The Word of God still shines with hope

Deep within this frightened life I live

A voice so soft and still grows

And when the sun is hidden

And the shadows cloud my starless skies

Amazingly, I turn and see a light


[Chorus]

God's promises are rainbows in the night

Shining hope inside when shadows cloud my eyes

His promises are rainbows in the night

Guiding through the darkest times

God's promises are rainbows in the night


You may be aware that a baby born after a miscarriage is often referred to as a “rainbow baby.” This is because rainbows symbolize beauty after a dark time just like the birth of a baby brings joy after such a tragic loss. Our pregnancy in 2022 was something we’d never planned on, but when we miscarried, our family was suddenly missing someone. We prayed and asked God what He would birth from that feeling, so when we became pregnant again this year, we were cautiously ecstatic. Conversations soon became centered around “When the baby comes…” as we prepared for this precious one’s arrival.
I struggled every day with fear of losing this baby, too, but I knew I had to choose to trust. (I think we often shame ourselves when we struggle with fear, but it’s not the actual fear that is the problem. Rather, it’s what we choose to DO with that fear. For me, this meant I had to make a constant choice to look to the Lord, and isn’t that where we ultimately want to be?) As I daily chose to surrender my fears and trust the Lord, a frequent prayer was that God would prepare my heart to grieve or rejoice for whatever HIS plan was for this baby. In the end, this meant that the Lord was preparing my heart to grieve another loss, as Sparrow was not meant to be our rainbow baby. 


Before my surgery, a sweet friend brought a meal over to our house along with the most precious gift—glasswork art of a rainbow. She told me that as she made it, she prayed for our family. It’s hanging in the window by where I have my quiet time, and I love how the sun shines so brightly into it at certain points of the day, reflecting such rich, vivid colors. 

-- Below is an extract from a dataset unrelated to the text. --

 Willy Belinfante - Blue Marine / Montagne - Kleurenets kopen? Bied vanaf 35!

As I reflect on losing Sparrow, I will be totally honest with where I’m at in this process of my grief which is I just do not understand how this could be God’s plan for us. Why even allow us to get pregnant again if He was going to take this baby from us? I’m thankful God allows me to come to Him with these questions. Rather than blame Him or become bitter, though, I so desire to surrender the hurt and confusion and just let Him wash over me with His comfort and love and grace. I’m reminded I can question God while still ultimately choosing to trust Him.

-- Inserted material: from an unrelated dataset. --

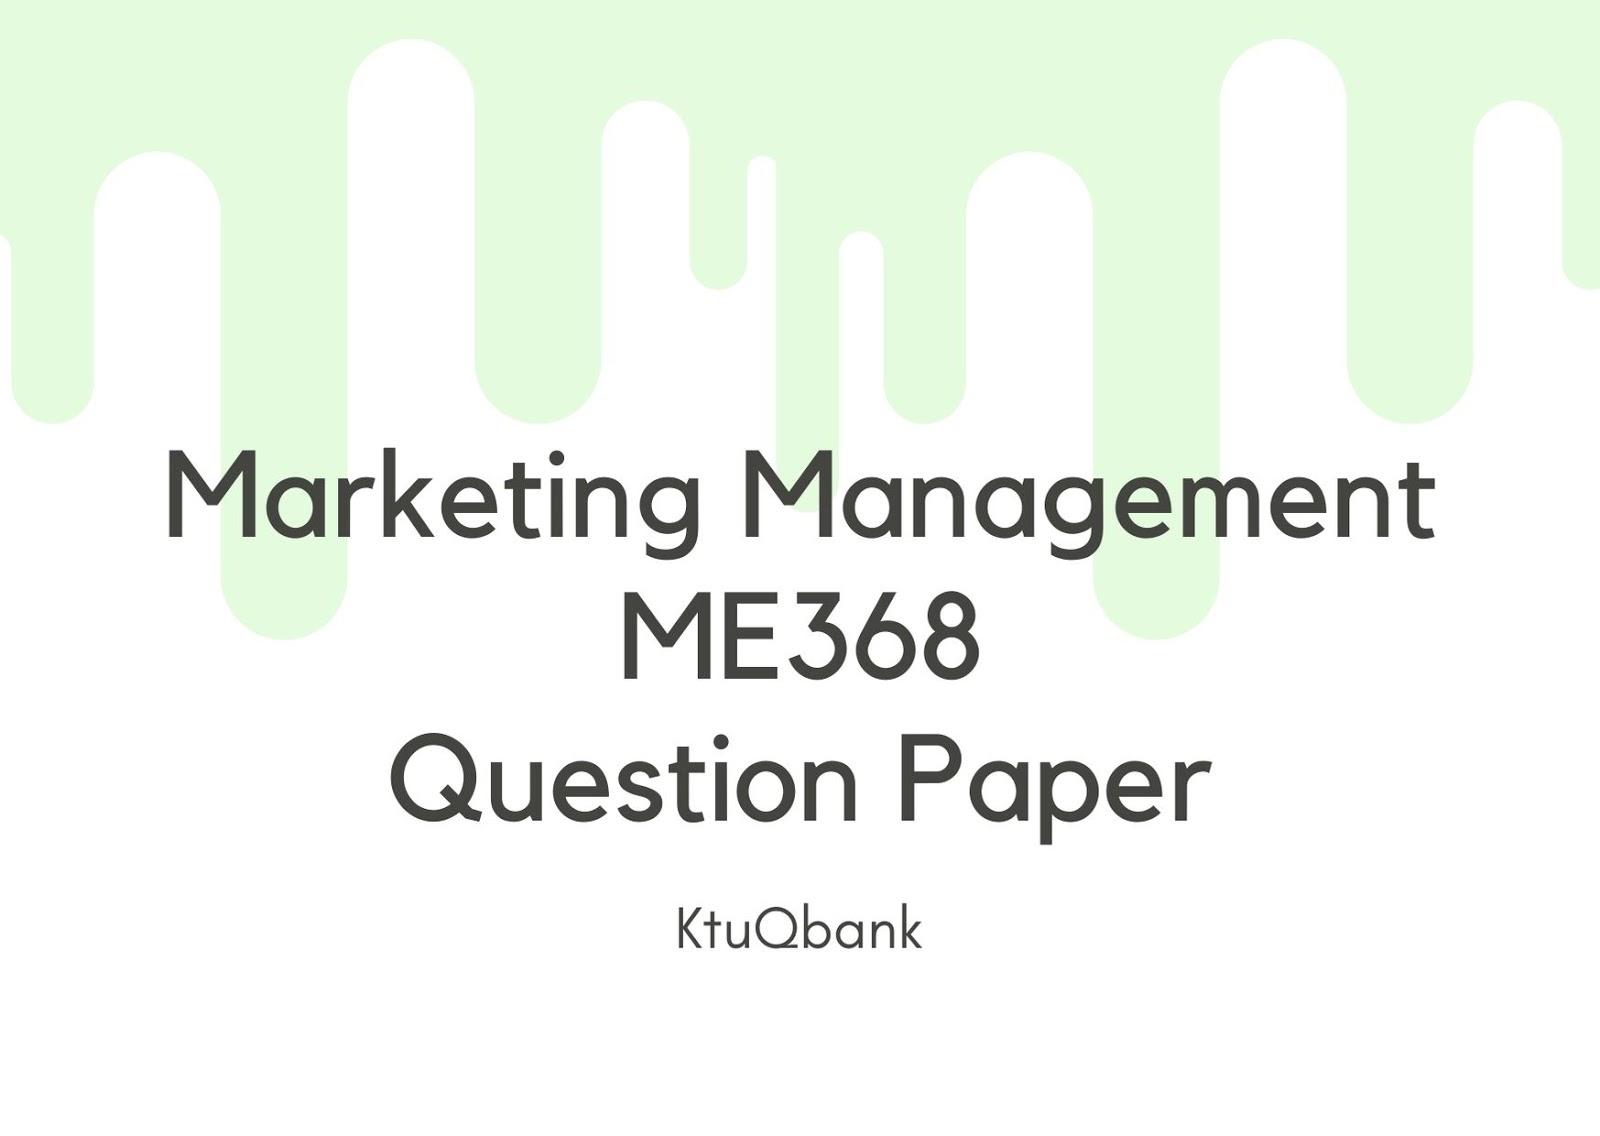 Marketing Management | ME368 | Question Papers (2015 batch)

I have come to terms with realizing I may never understand why this played out the way that it has, but I do know that the Enemy would love nothing more in this situation than for me to allow my limited understanding of God’s plan to cause me to question my ability to trust in Him. Anger, bitterness, and confusion won’t bring my baby girl back, but surrender to the Lord will bring me comfort as I struggle through my hurt, grief, and loss. It’s in the darkest of night when we get the blessing of experiencing a peace and comfort that only our Heavenly Father can give. I can understand joy better when I have experienced sorrow. I grieve deeply because I loved deeply, and I can recognize beauty more fully when I know what it feels like to sit among ashes. No one wants to experience pain, but we get the opportunity of experiencing comfort on a deeper level when we have endured great hurt and loss. 

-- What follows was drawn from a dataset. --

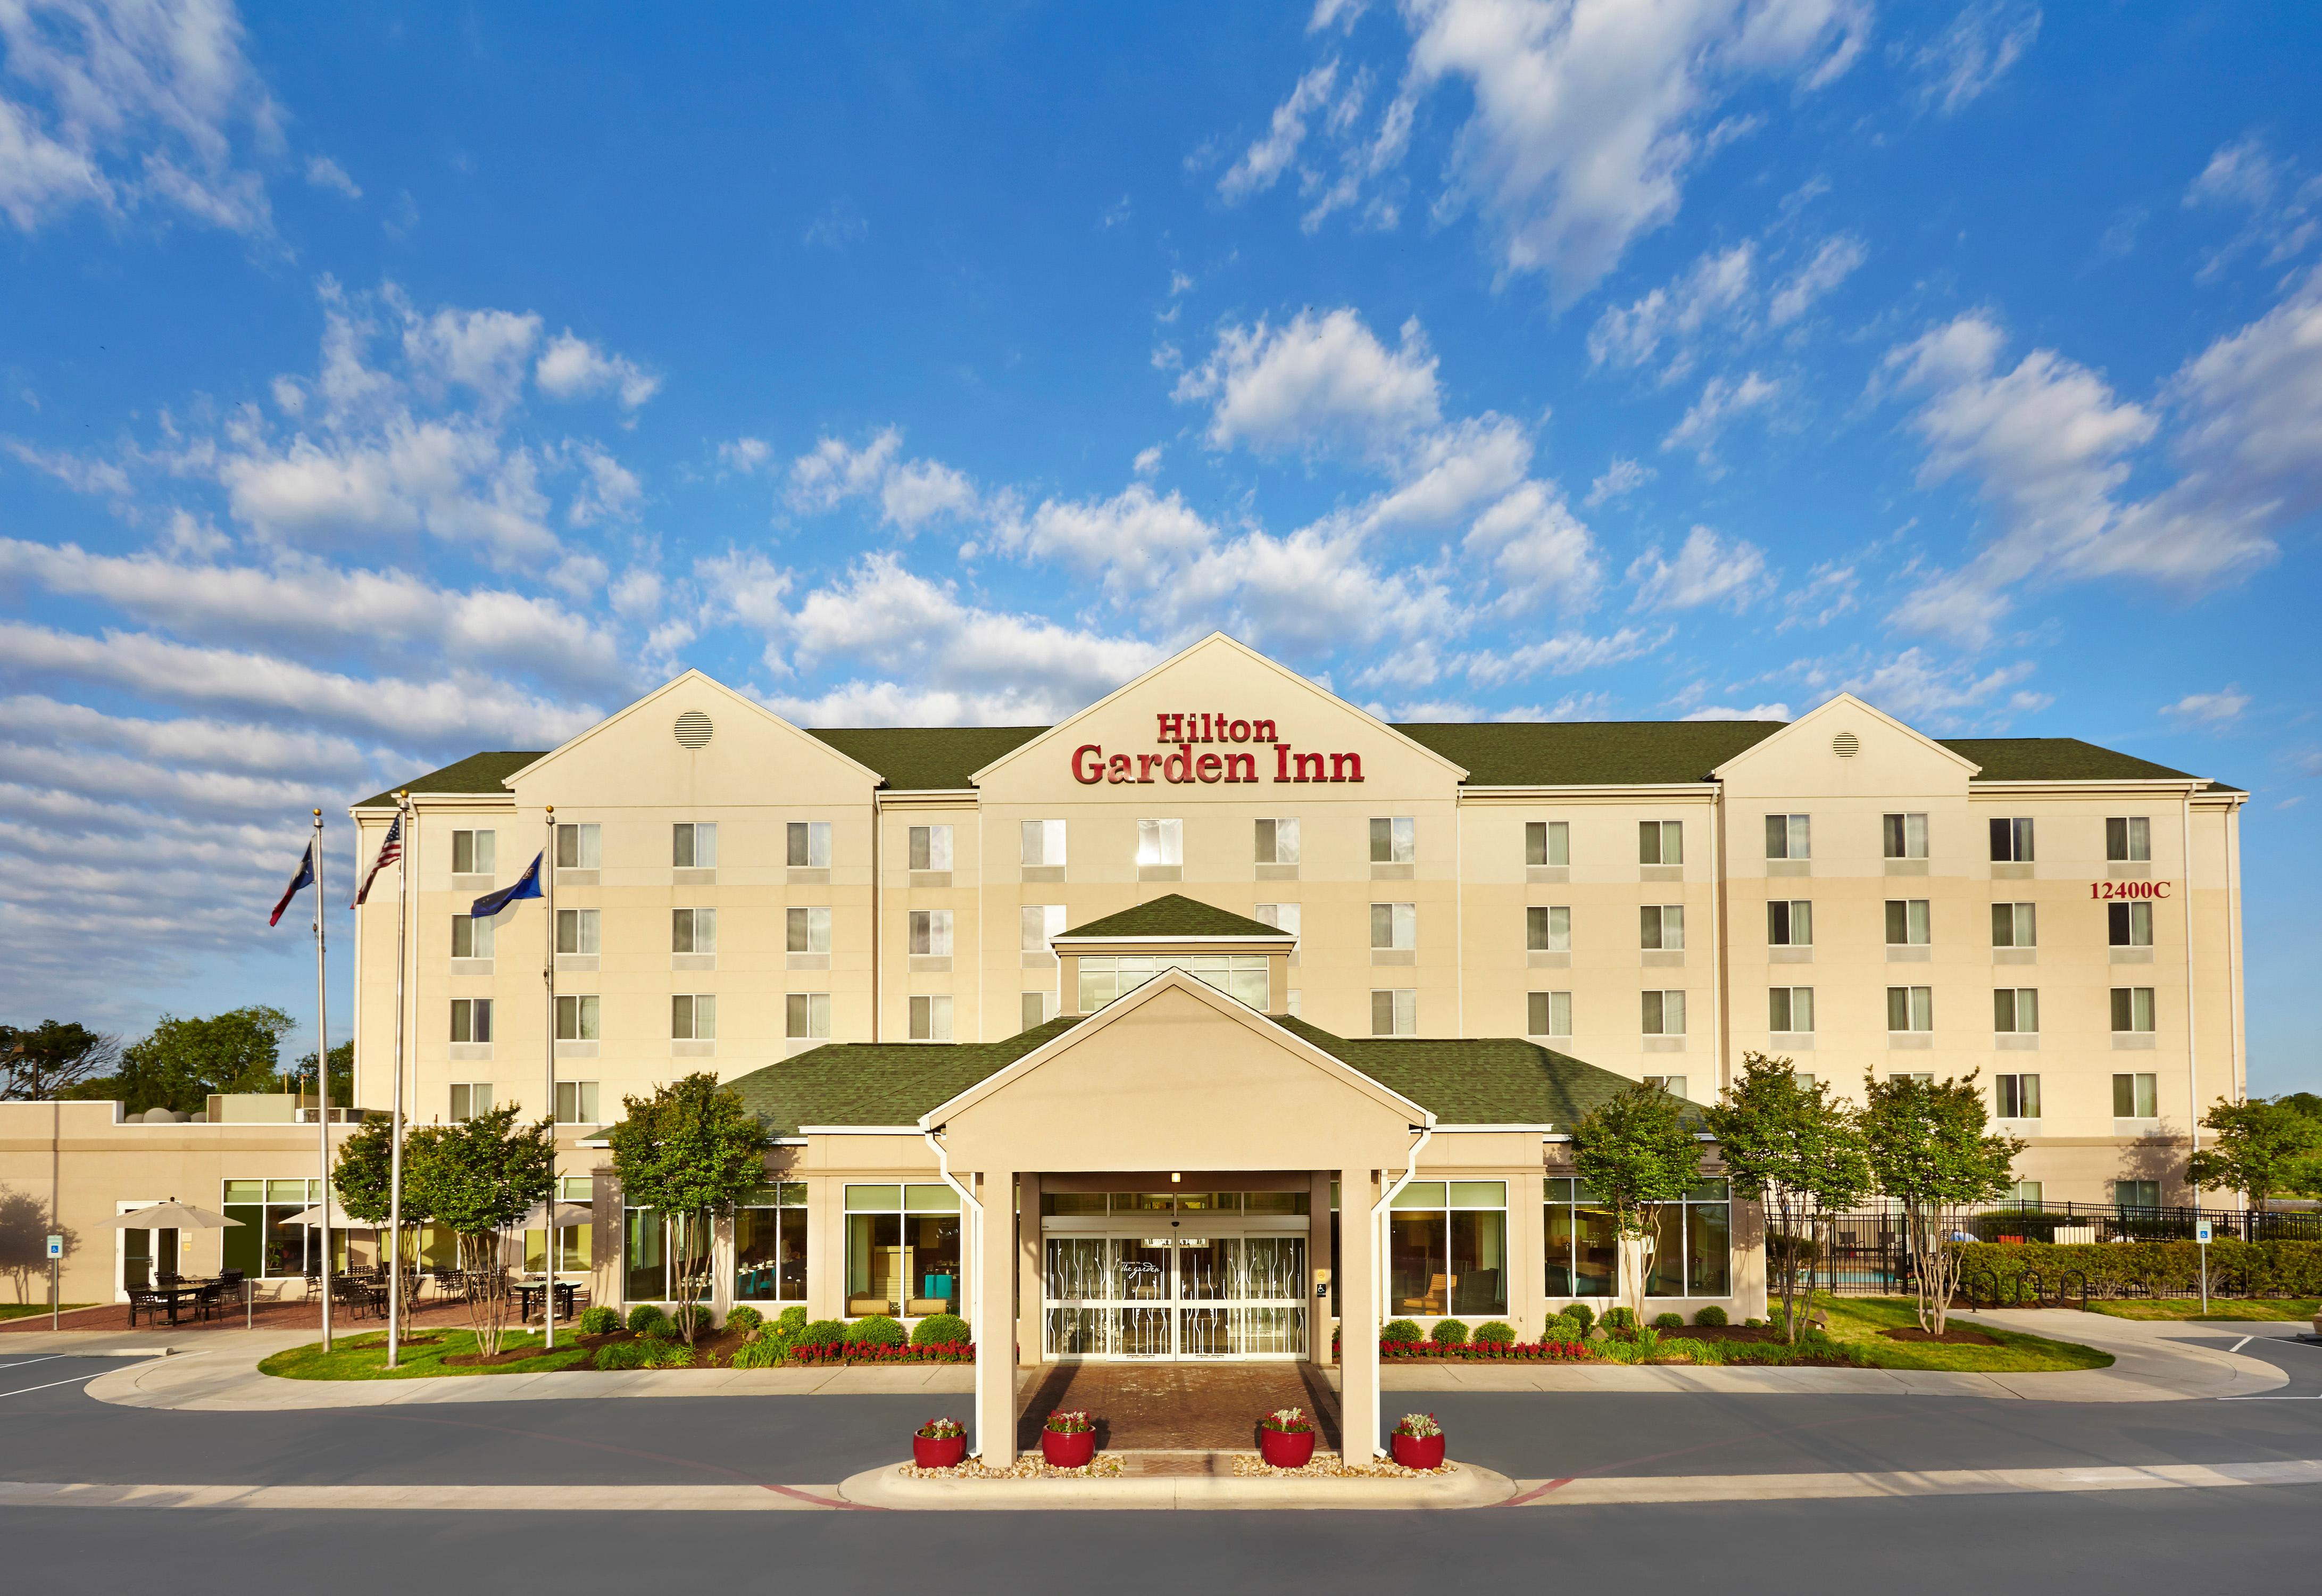 Hilton Garden Inn Austin North 12400 North Ih 35 Austin Tx

As we drove home from the hospital on Friday after my surgery, it started to rain. Just one exit from our home, my husband said, “Paula-Beth, look! Look at the sky!” As I looked up, I saw a full rainbow painted across the sky. My husband and I both began to cry. It was as if the Lord was saying, “I see you, and I see your pain. You are not forgotten. Don’t forget the promises I have for your life.” 

I know we are being held by the Ultimate Comforter as we wade through this season of intense grief. I know His promises are just as true today as they were two weeks ago when my baby was still alive. Again and again I will choose to trust. This is a dark time in our lives, but we know He has overcome the darkness, and in His kindness He continues to send us messages that point to His light piercing through these dark moments. His Word is True, and He is ever faithful and good, friends. As I wrote these words the other day as the rain fell against my window, this was my prayer: "I’m going to cling to Your Truth, Your faithfulness, and Your goodness with all I have today as I hear the storms raging outside on this rainy fall day, and as the storms of my life rage up within me. Yes God, you are still good, even in this." 


Sunday, September 24, 2023

Being the Hands and Feet of Christ

Just a head's up: this is a long post. I thought about breaking it up, but wasn't sure the best way to do that. Writing has always been cathartic for me, and right now, I just need to be able to speak what's on my heart. As much as I hope all of these words are able to minister to someone, I needed to find an outlet to just express where I'm at right now, and apparently, there's a lot swarming around in my brain these days! Whether or not you make it through this entire post, thanks for giving me an opportunity to share my heart...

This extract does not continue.